Enquanto os diagnósticos de Alzheimer crescem no Brasil, familiares encontram no humor e na rotina afetiva uma forma de tornar o cuidado mais leve e humano
Aos 88 anos, Amália Theresa da Silva, hoje com 96 anos, recebeu o diagnóstico de Alzheimer. Para a família, foi um choque. O neto e cuidador Raul Junior lembra que até chegar ao diagnóstico foi um longo caminho.
“Foi duro, difícil de assimilar, porque o Alzheimer não vem com um manual. Ele é muito demorado, existem muitos outros tipos de demência que se parecem. Foi preciso fazer exames, testes clínicos e buscar o parecer dos médicos.”
Com o avanço da doença, a família precisou se adaptar. Terapias, fisioterapia e estímulos cognitivos deram lugar ao humor como ferramenta de cuidado.
Raul criou a personagem “Vó da Pomba” nas redes sociais, mostrando momentos da rotina da avó, que hoje tem mais de 10 milhões de seguidores.
“Mostramos como o bom humor deixa o cuidado mais leve, mas não é fácil cuidar de um idoso com Alzheimer. É como cuidar de mais de dez crianças de dois anos.”
Crescimento do Alzheimer no Brasil e no mundo
O Alzheimer é uma doença ligada ao envelhecimento, e o número de casos tende a crescer à medida que a população envelhece. Mais de 50 milhões de pessoas vivem com a doença no mundo, e esse número deve triplicar até 2050.
No Brasil, dados do Conselho Nacional de Saúde (CNS) indicam que 1,8 milhão de pessoas foram diagnosticadas até 2019. A projeção para 2050 é de 5,7 milhões de brasileiros, um aumento de 206%.
Essa mudança reflete a inversão da pirâmide etária: em duas décadas, haverá mais idosos do que jovens no país.
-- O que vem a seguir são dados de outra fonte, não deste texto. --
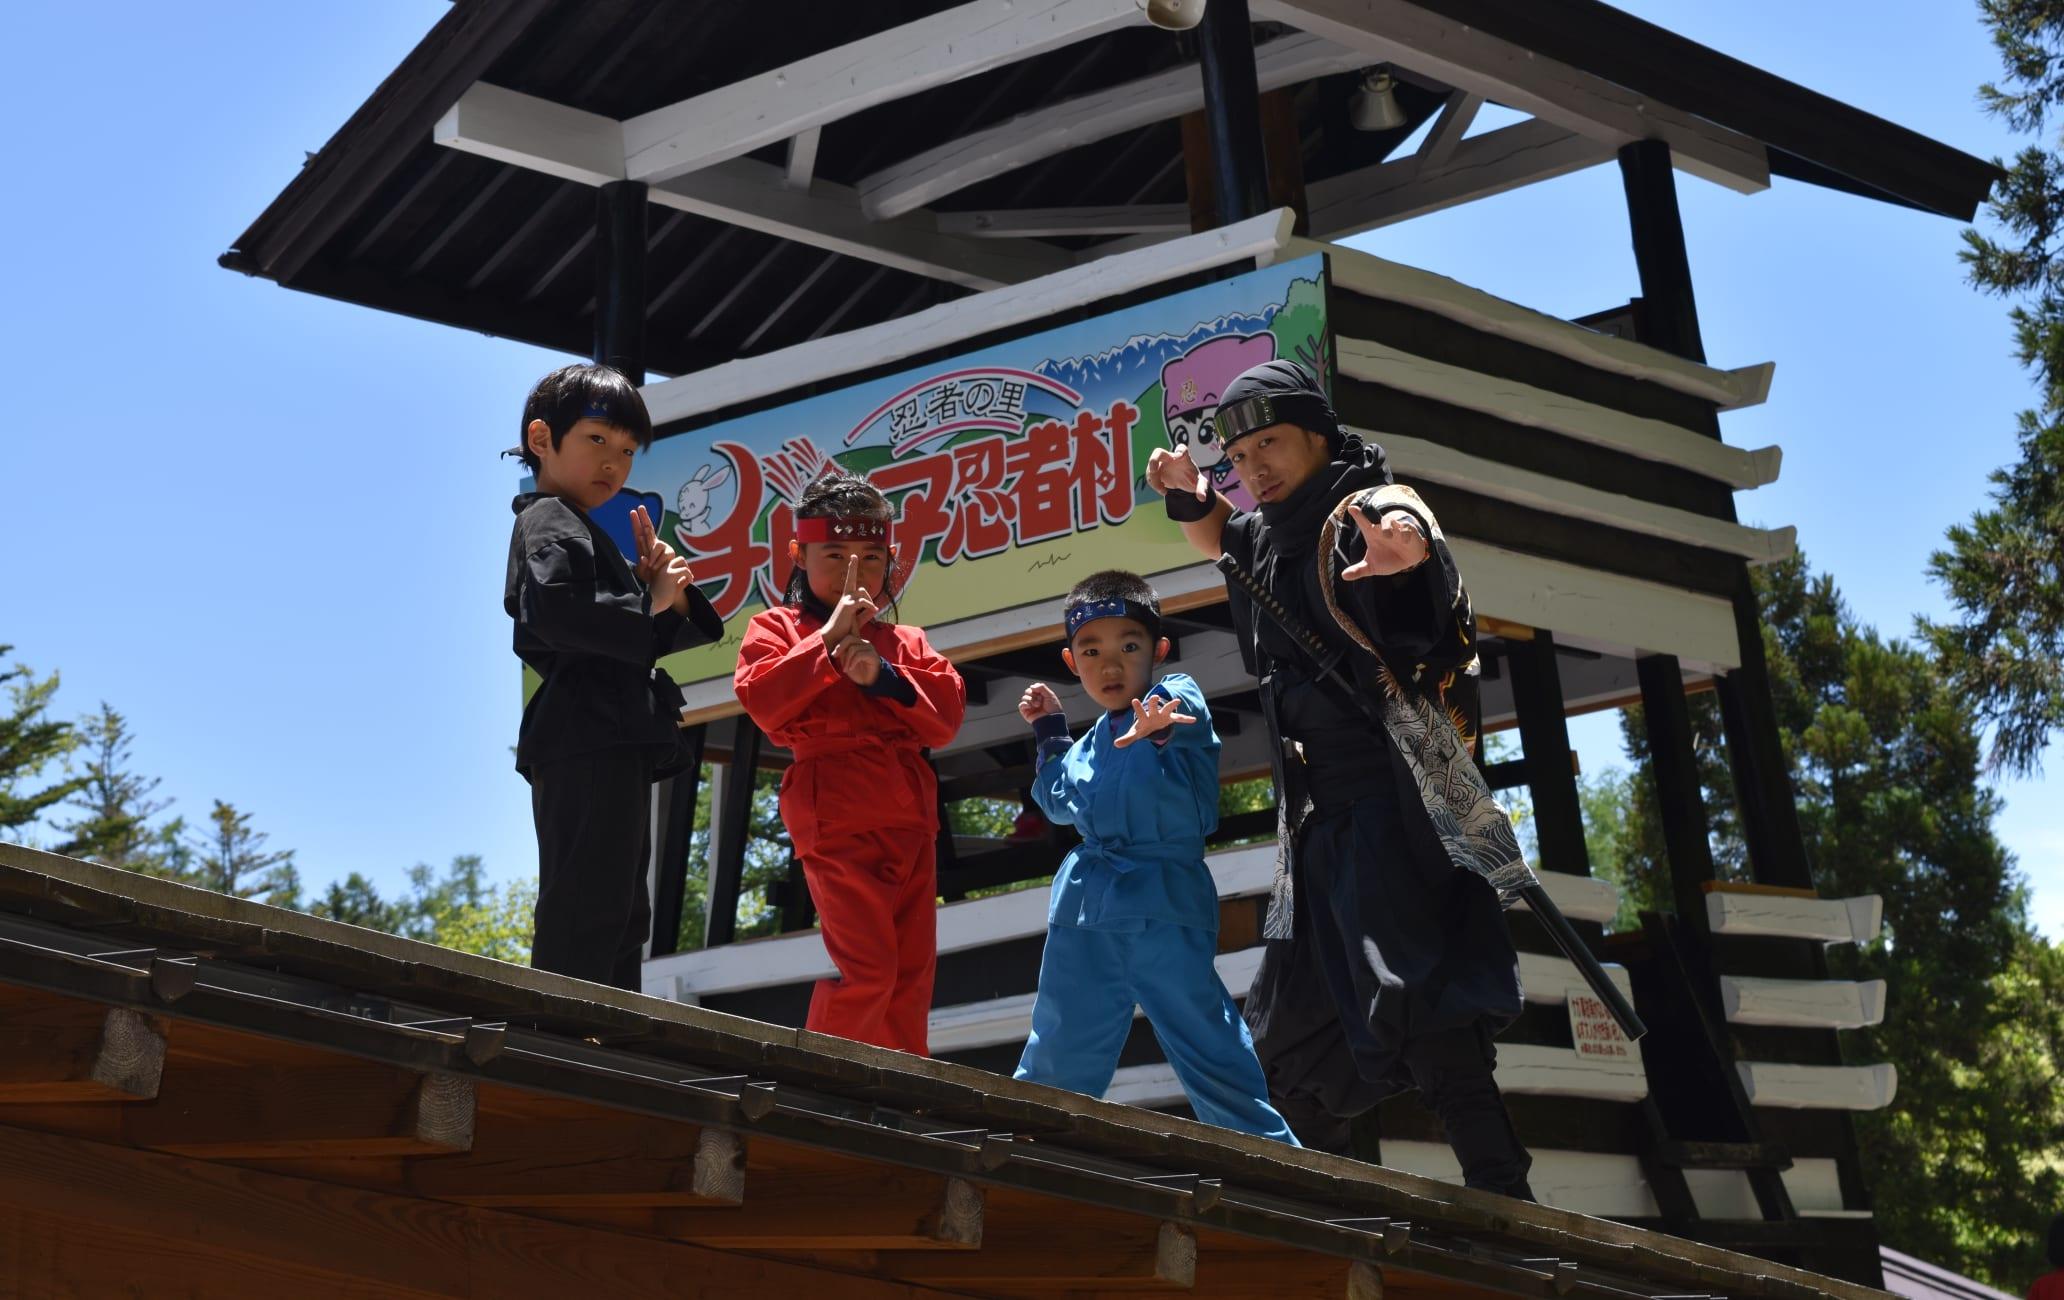 Togakushi Ninja Village

Sinais de alerta que exigem atenção
O geriatra Clóvis Cechinel, do Hospital São Marcelino Champagnat, em Curitiba, alerta que esquecimentos frequentes são apenas um dos sinais iniciais.
Segundo o médico, além da perda da memória recente, esquecer informações recém-aprendidas, compromissos ou onde colocou objetos com frequência pode ser um sinal.
“Também é importante observar dificuldades para planejar e resolver problemas, desorientação no tempo e espaço, perder-se em lugares familiares, confundir onde está e problemas de linguagem.”
Mudanças de humor, irritabilidade, depressão, ansiedade, retraimento social e perda de interesse por atividades antes prazerosas também devem ser observadas.
“O diagnóstico é muito complexo. Nenhum sinal deve ser desconsiderado. O apoio familiar e a consulta com especialistas são fundamentais”, acrescenta.
Pesquisa e desafios no desenvolvimento de tratamentos
Pesquisas indicam que as placas de amiloide, características do Alzheimer, começam a se formar cerca de 20 anos antes dos primeiros sintomas.
Um estudo da Universidade de Columbia revelou que sinais de risco podem ser identificados em adultos na faixa dos 20 anos.
Segundo o farmacêutico Liberato Brum Junior, gerente de inovação e pesquisa clínica da Prati-Donaduzzi, o desenvolvimento de medicamentos enfrenta desafios significativos. Ele diz que os estudos clínicos são longos, caros e apresentam alto risco de insucesso.
“Nesse cenário, a identificação precoce da doença, por meio de biomarcadores mais precisos, e o desenvolvimento de modelos experimentais mais representativos são essenciais para avançar nas pesquisas e encontrar tratamentos que melhorem a qualidade de vida dos pacientes.”
Afeto e rede de cuidado
No caso de Amália, todos os familiares se envolveram nos cuidados. Cerca de dois anos após o diagnóstico, ela passou a ter memória de 15 segundos, repetindo sempre as mesmas frases.
Raul lembra que quem recebe o diagnóstico na família precisa ter em mente que a doença não vai deixar de existir e que aquela pessoa vai deixar de ser quem sempre foi, dizendo coisas que machucam e, muitas vezes, ficando agressiva.
“É fundamental contar com uma rede de cuidados e, acima de tudo, lembrar de cuidar de si mesmo.”
A história da “Vó da Pomba” mostra que, mesmo diante de desafios complexos como o Alzheimer, é possível transformar o cuidado diário em momentos de afeto, leveza e conexão familiar.